The Tory Home Secretary likes to crow about highly questionable crime statistics that imply crime is falling, but in reality crime is changing; it’s moving online while the Government’s approach is stuck in the past. If the Government’s crime statistics included online fraud they would show a 50% increase overall. Criminals know that, thanks to Government inaction, it’s easier to steal from people online because the chances of detection and prosecution are far lower.
The growth in child abuse online has been staggering. 70,000 child abuse images were shared on the internet last year and six out of every ten children have been asked to share indecent images of themselves. There’s been a similarly dramatic growth in cybercrime with online banking fraud up 71% in Britain alone in just a year and over half of all UK internet users have been exposed to it.
Countless individuals have lost thousands of pounds with scams that include paying for cars or other goods that don’t exist, donating to fake charities, fake foreign lotteries, identity theft, or falling prey to confidence tricksters on dating sites. In these and many other cases most people never see their money again. The impact of losing all your savings in an online sting is every bit as agonising for victims as having property stolen from their home, yet the Crime Prevention Minister Lynne Featherstone complacently admits this form of crime has been a “lesser interest” for the Government.
Banks reimburse some of your losses if fraudsters hack into your computer and access your bank account or credit card details. But we all pay for this collectively with higher business insurance costs passed on to every consumer in higher prices. Ever-growing rates of online crime deter many people from buying online at all, and that will have an increasingly negative impact on economic growth.
The Government’s response has been woeful. Her Majesty’s Inspectorate of Constabulary (HMIC) found that just 2% of police officers were trained to investigate cybercrime and that only three out of 43 police forces even had a strategy to deal with it. The Government’s national cybercrime unit Action Fraud is so under-resourced that most crimes reported to it are never investigated.
The fall in high-volume acquisitive crime since the mid-1990s across the industrialised world was largely the result of improvements in crime-prevention technology like burglar alarms or car immobilisers which made things harder to steal. Making crime more difficult plays a major part in cutting it. The same approach can help us fight cybercrime. Countries like Australia and the US are leading the way with codes of practice for internet service providers which alert users when their computer has been compromised so they can take action, but Britain under the Tories lags far behind.
Labour will get tough on online crime, that’s why we’ve proposed a Teach First-style scheme to recruit the brightest and best IT graduates to work with the police to outpace the criminals and make the internet safer. We will demand that every police force has a cybercrime strategy in place and properly trains their officers to understand and prevent online crime. We will refocus existing resources to beef up specialist cyber-crime teams and strengthen cross-border collaboration to tackle this rapidly growing form of criminal activity.

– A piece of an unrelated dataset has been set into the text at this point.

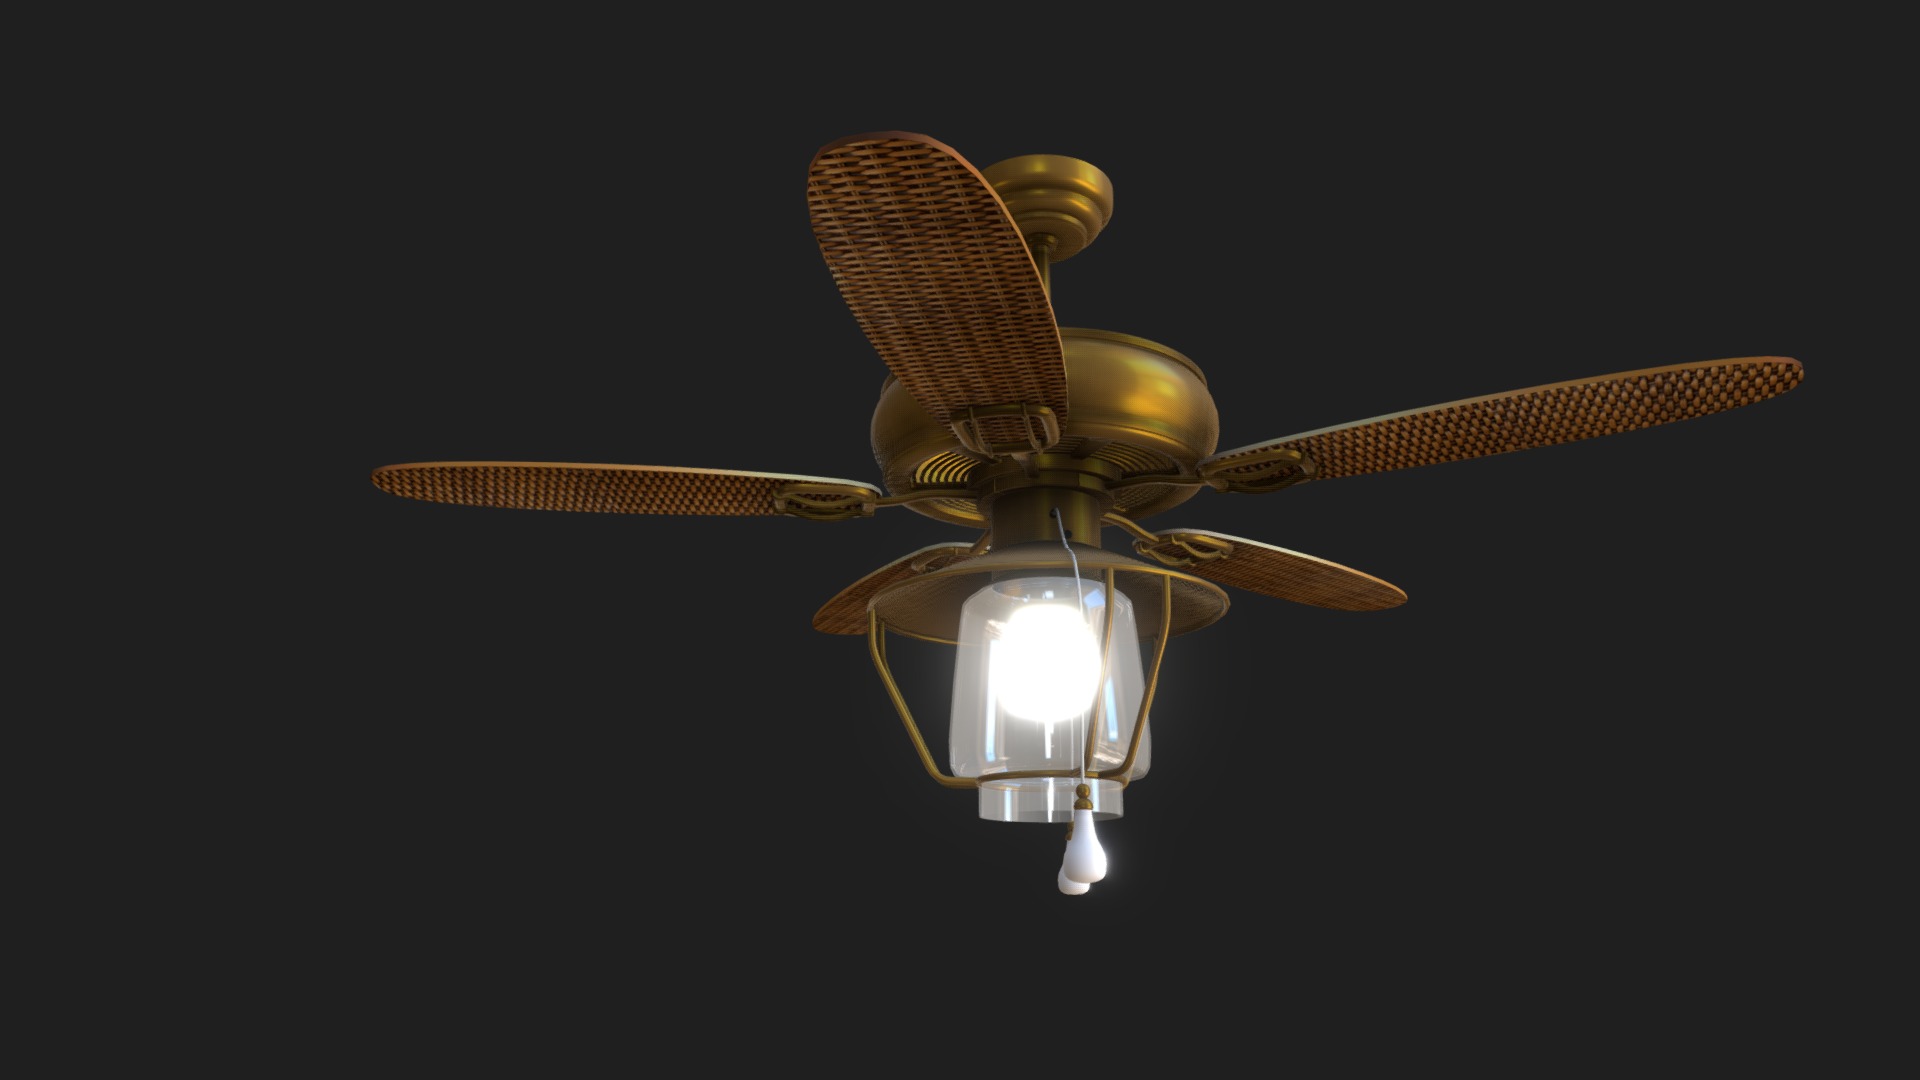 3D model HGP29351 - This is a 3D model of the HGP29351. The 3D model is about a ceiling fan with a light.
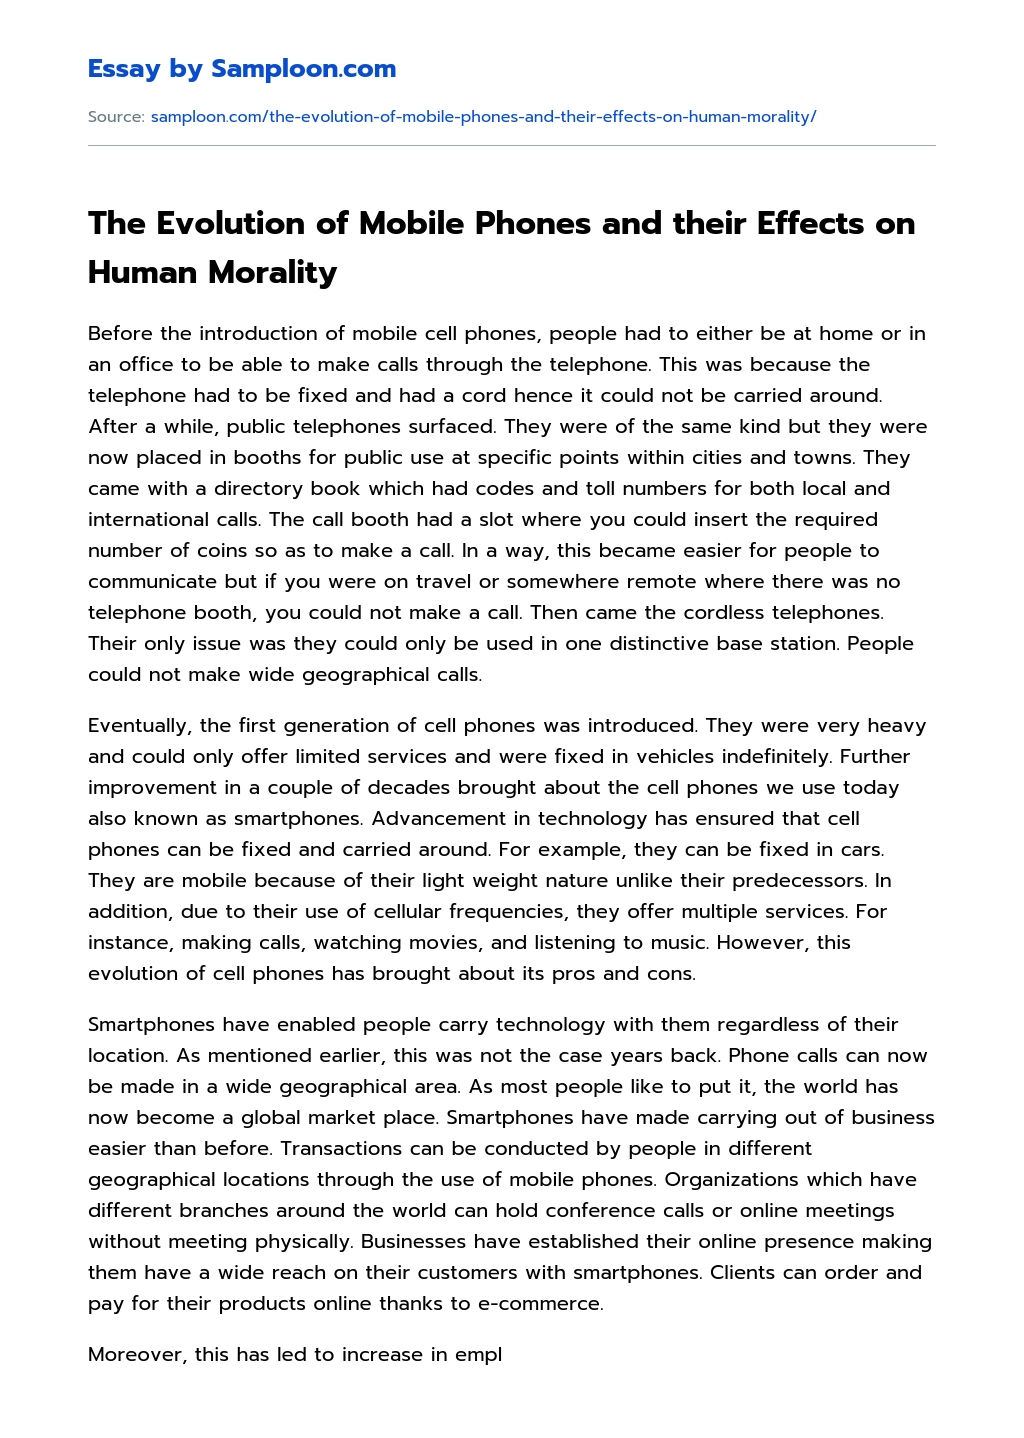 The Evolution of Mobile Phones and their Effects on Human Morality essay

There are new ways to personalise protection too. Open source data allows communities to scrutinise the performance of public services such as the police and help to develop new ways to tackle problems such as a crime. How about a crime prevention app for mobile phones? It could alert you to any increase in robberies, assault or burglaries in the places you live, work, socialise or travel and advise you on how to stay safe. You could use it to contact your local police team for information or to report crime, alert authorities of anything that makes you fearful of crime, access local crime data, compare the performance of your police force with others, or track what happens to offenders after prosecution. Giving people a better understanding of the criminal justice system and new ways to influence it helps build public confidence. Very few people attend their local police team meetings, but data from a widely-used app could help identify the public’s local crime priorities.
The government has a responsibility to make the internet safe for everyone who uses it and to harness digital technology to improve community safety for everyone online or off line. That means a properly resourced and trained police force and action to make it harder for criminals to operate online and bring to justice those who do. The Tories have refused to recognise that crime is changing, that’s why it’s Labour that today’s criminals fear the most.